“To enable these real men and women to escape from extreme poverty, we must allow them to be dignified agents of their own destiny. Integral human development and the full exercise of human dignity cannot be imposed. They must be built up and allowed to unfold for each individual, for every family, in communion with others, and in a right relationship with all those areas in which human social life develops – friends, communities, towns and cities, schools, businesses and unions, provinces, nations, etc.”
– Pope Francis (9/25/15, United Nations)
Location: Central America
Official Language: Spanish
Location: Eastern Honduras
Main Industry: Agriculture
Challenges Facing Our Community
The poor are disproportionately affected when severe weather events occur. According to the World Bank, in rural parts of Honduras, 1 in 5 people live in extreme poverty. Industry is also affected as floods, droughts, and rising temperatures are forcing businesses to relocate operations.

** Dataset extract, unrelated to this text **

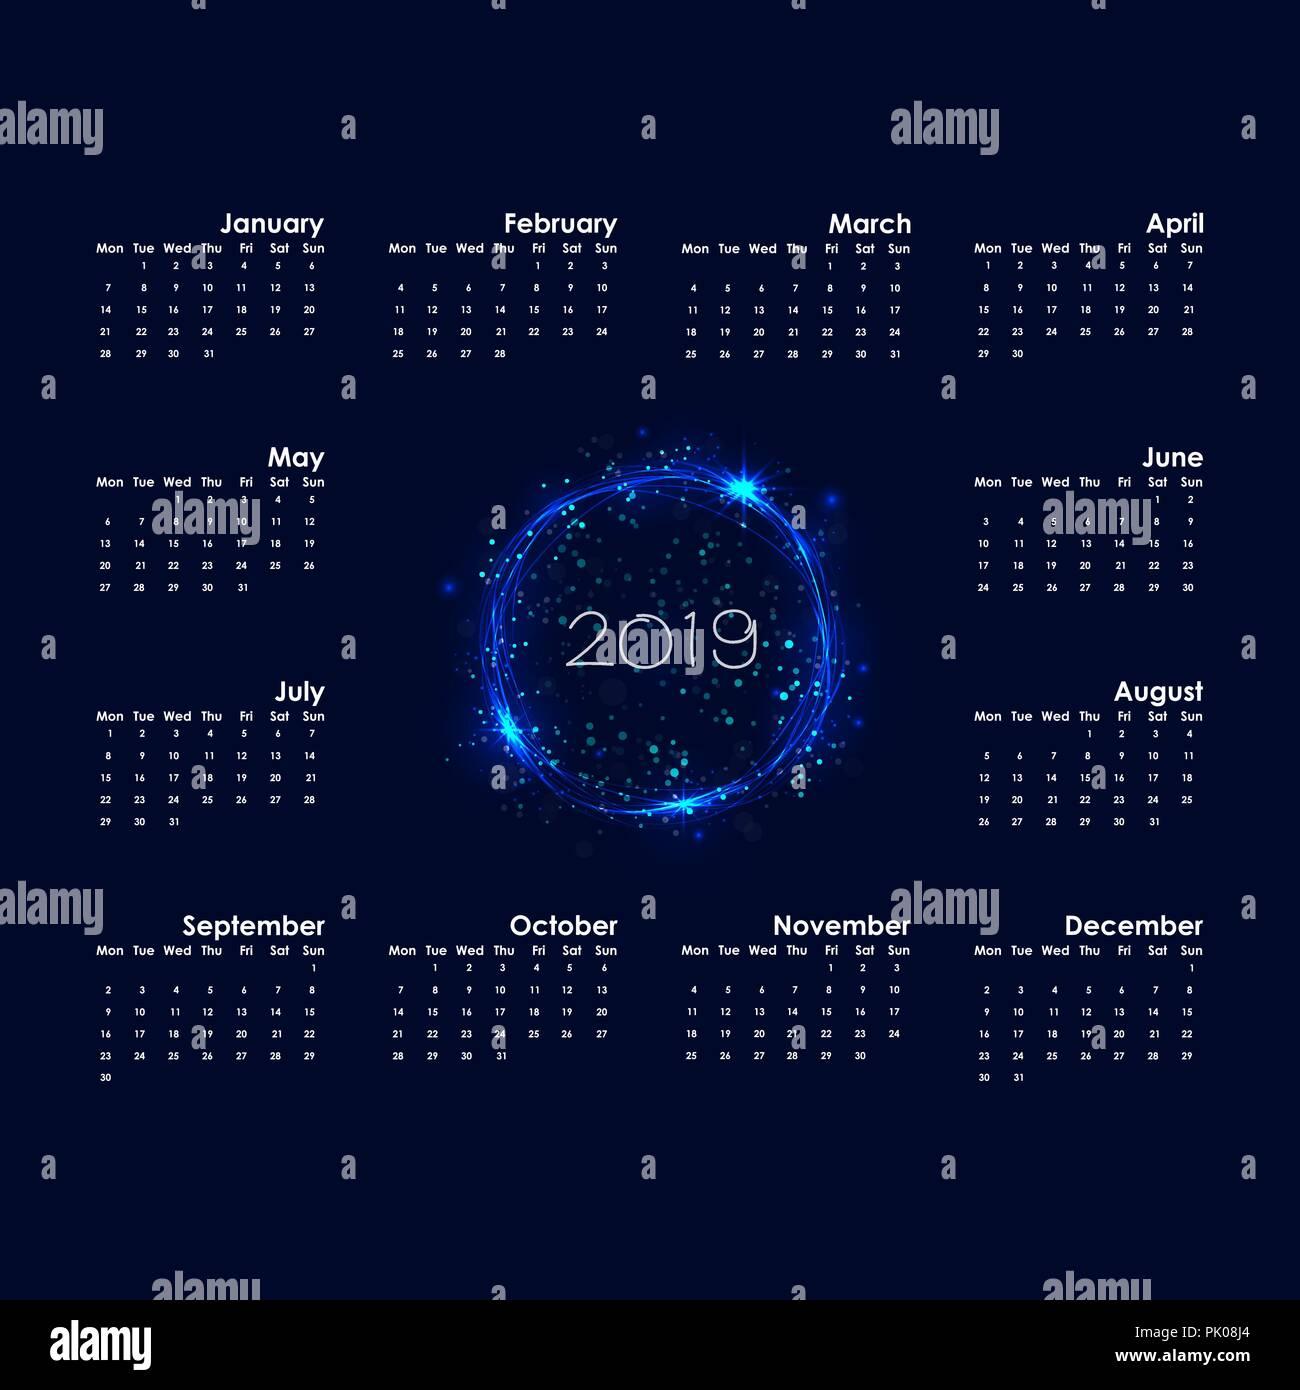 2019 calendar templatestarts mondayyearly calendar vector design stationery templatehappy new year 2019 backgroundabstract burning circles with gl

The flow of individuals and families out of Honduras is affecting families, industry, and schools. According to a report from the New York Times in 2014, Juticalpa had the third largest number of children who had crossed the US border from communities across Central America.
Increasing Cost of Living
Many factors affect the cost of living for Hondurans. According to the Secretary of Labor, from 2014- 2018, the average 2-income household in Honduras earned $6,072 per year to sustain an average of 4-5 family members. As the cost of gasoline rises, it quickly affects the cost of electricity and cost of living generally. Olancho has the highest cost of energy per kilowatt in the country according to the Empresa Nacional de Energía Eléctrica. The Honduran Central Bank reports inflation at 4-5%, though Central General de Trabajadores de Honduras, an association of employers, insists it is higher.
The clearing of forests in Honduras results from slash and burn farming, industrial scale agriculture, clearing for cattle farming, mining activities, timber harvesting, and forest fires. The effects include increased erosion and landslides. Deforestation is linked to exasperating the effects of both flooding and drought.